Glass artist Dan Dailey works primarily in his Kensington, New Hampshire studio with the help of his staff of assistants. He is also a professor at Massachusetts College of Art where he founded the Glass Department in 1973. He has taught at numerous glass programs including Rhode Island School of Design, Pilchuck Glass School and Haystack Mountain School of Crafts and he has given lectures and workshops throughout the United States, Europe and Japan. Dailey has been an independent artist/designer for Cristallerie Daum, France for the past thirty years, and has worked for Fenton Art Glass Company, Steuben Glass and other companies.

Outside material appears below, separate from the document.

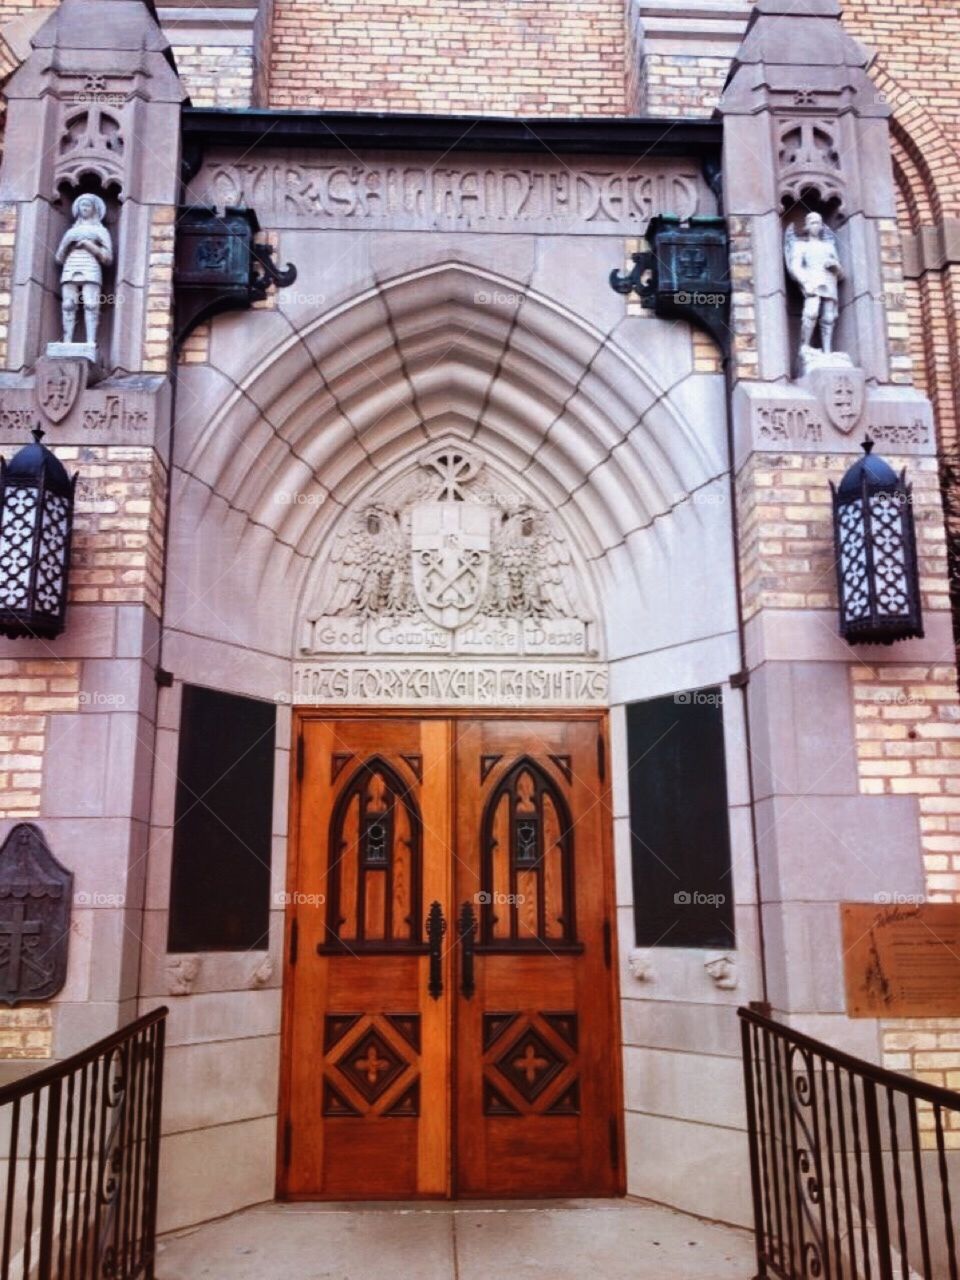 Doorway on Notre Dame campus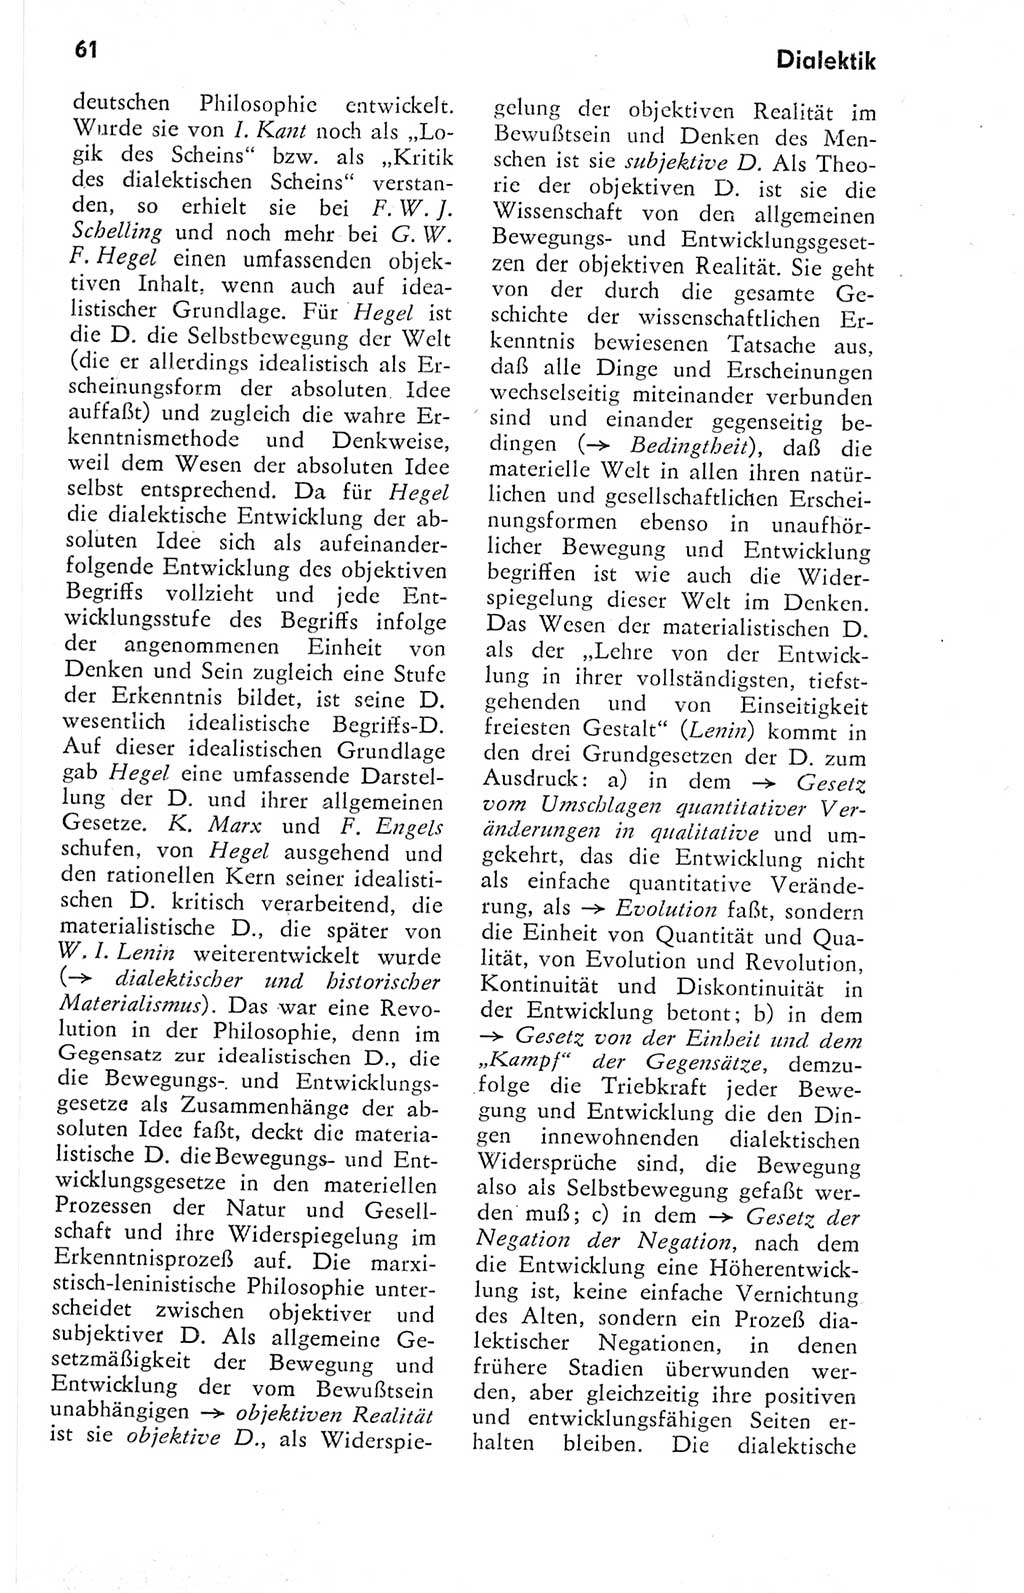 Kleines Wörterbuch der marxistisch-leninistischen Philosophie [Deutsche Demokratische Republik (DDR)] 1974, Seite 61 (Kl. Wb. ML Phil. DDR 1974, S. 61)

In 1972 Dan Dailey was artist in residence under a Fulbright Fellowship to Italy where he worked at the Venini glass factory on the island of Murano. He has also received fellowships from both the Massachusetts Council on the Arts and the National Endowment for the Arts, and has an Honorary Lifetime Membership to the Glass Art Society. In 2000 he was honored with the Libensky Award, the fifth Artist Series release, by Chateau Ste. Michelle Vineyards & Winery, and in 2001 he was awarded the Masters of the Medium Award by the James Renwick Alliance.
Since 1971 Dailey has participated in over 300 group juried and invitational exhibits and has had numerous one-person exhibitions including a major retrospective at the Renwick Gallery of the Smithsonian Institution.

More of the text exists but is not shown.